SPOT bus budget deficit could mean cuts to service
JACK FREEMAN | Hagadone News Network | UPDATED 4 months, 1 week AGO
This story has been updated to further clarify the amount that SPOT received from the CARES act.
SANDPOINT — The Selkirks-Pend Oreille Transit Authority is facing a $45,000 budget deficiency from the city of Sandpoint, which may severely decrease its hours and rides in the city.
SPOT Bus’s Executive Director Donna Griffin said that the organization had previously been funded by $1.2 million from the $2.2 trillion Coronavirus Aid, Relief and Economic Security Act and other federal grants. The money from the CARES act has since run dry, and so SPOT is looking to the cities it operates in to provide the match funds needed to continue its service.
“Any of our Bonner County and Boundary County operations are totally grant funded,” Griffin said. “When it comes to grant funding, though all those sources require some measure of match. It equals about a 35% match required, so for every $18,000-$20,000 of federal funding we need $10,000 of local funding.”
Due to the loss of CARES funds, SPOT is asking Sandpoint for a significant budget increase, from $95,000 in 2025 to asking for $150,000 in 2026. Currently, Sandpoint Mayor Jeremy Grimm has budgeted a 10% increase, to $105,000, but that still leaves the city as the only one in the region that has not budgeted SPOT’s full amount.
If Sandpoint does not provide the needed match funds, Griffin said that service to and within Sandpoint will be reduced by about one-third.
“That fixed route service right now runs 12 hours a day, seven days a week,” Griffin said. “The Sandpoint piece of it could look like a 10 a.m. to 3 p.m. operation, six days a week and no Sundays.”
The organization is still trying to work through the problems that a reduced Sandpoint service would bring, Griffin said. She said that the condensed service would hurt the riders of SPOT more than the organization.
“We will not know what our restrictions will be until we get our budget,” Griffin said. “It becomes from a service perspective, a real ripple effect... it’s going to prove [difficult] to provide that service that Ponderay, Kootenai and Dover are paying for and then Sandpoint.”
SPOT is searching for new revenue sources, but Griffin said the organization isn’t looking to charge fares on rides yet. The organization did explore the option but found numerous problems with the implementation.
“For driver’s safety, we are pretty confident that cash is off the table. We are not going to have any buses carrying cash around,” Griffin said. “Whenever we pull in fares... it cannot be used for match, it has to be used off the top and then the grant funding kicks in.”

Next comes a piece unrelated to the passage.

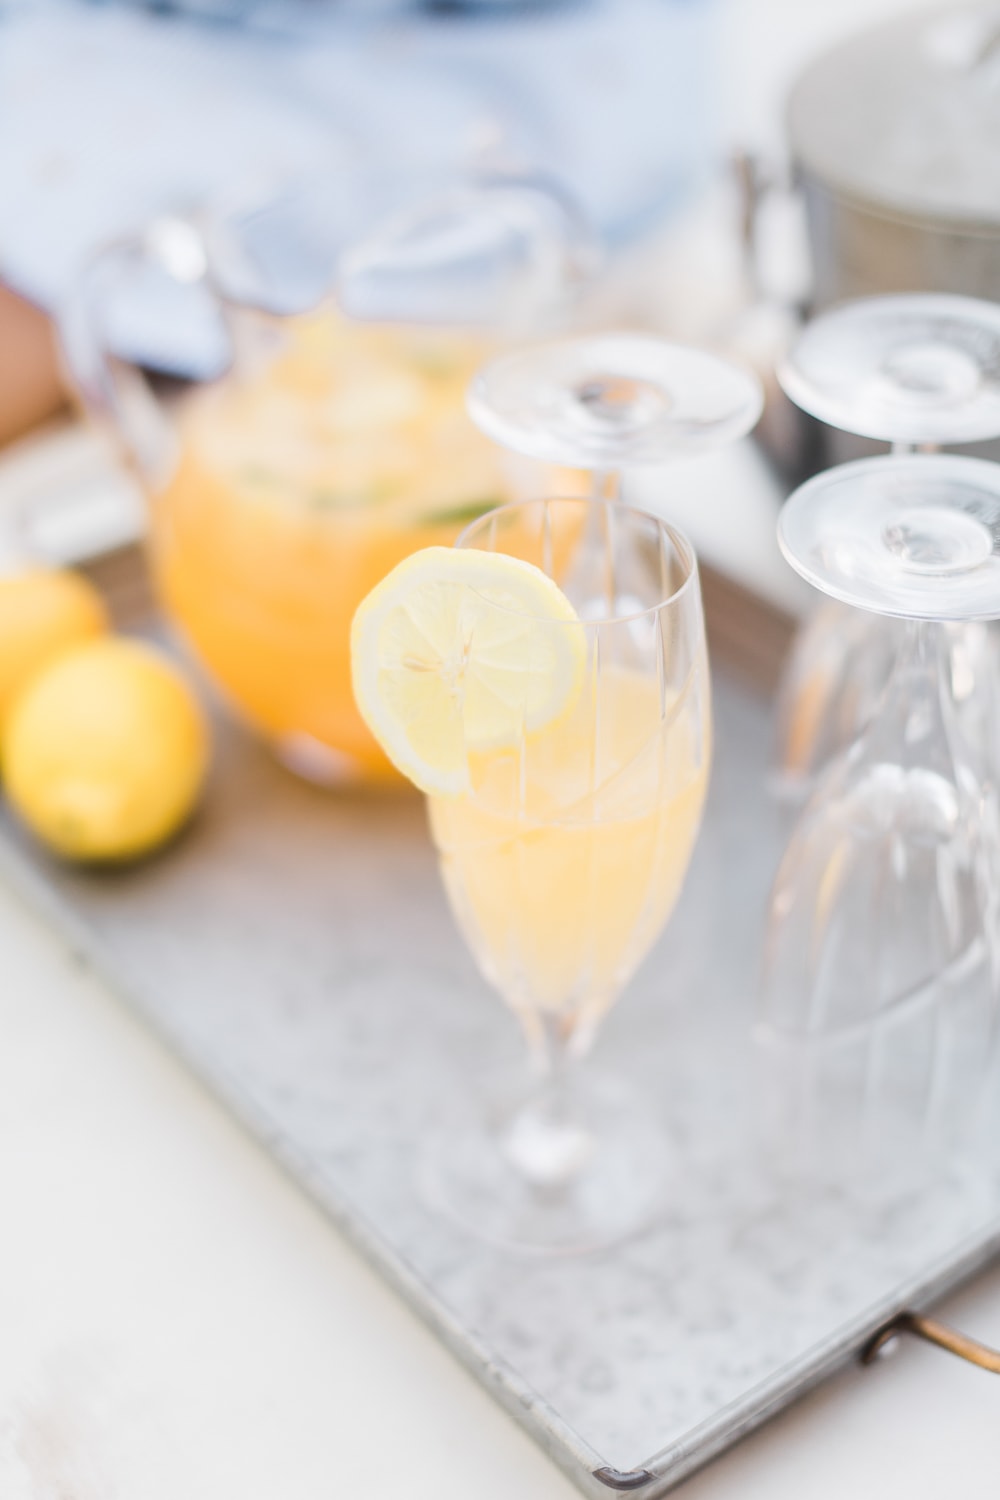 Sparkling punch recipe alcoholic by blogger Stephanie Ziajka on Diary of a Debutante

The organization is moving forward with bus advertisements in a test phase to a new source of revenue. Griffin said the organization expects around $36,000 in revenue from the advertisements next year, that can be used as match funds.
There does appear to be strong support for SPOT on the city council, spearheaded by Councilman Justin Dick. A member of the SPOT board of trustees, Dick said he feels SPOT provides a crucial service to the area at the June 25 council meeting.
“We are doing everything we possibly can to figure out how we keep this thing moving so we don’t lose our community partners,” Dick said of SPOT. “If one is dragging it can be an anchor around the neck or if the big one goes down, it might take down the rest of them very quickly.”
Grimm said in an email to the Daily Bee that he expects “healthy discussion” from the council about SPOT’s funding and that the 10% increase he has already provided falls in line with last year’s amount.
“I’m confident that we can strike the right balance,” Grimm said in the email. “SPOT is an important and valuable service that the cities provide. Like every organization, they as the city are working hard to maintain service in light of frozen or shrinking revenues.”
Sandpoint’s City Council is set to host a public hearing on the fiscal year 2026 budget Wednesday, Aug. 20, at 5:30 p.m. at City Hall.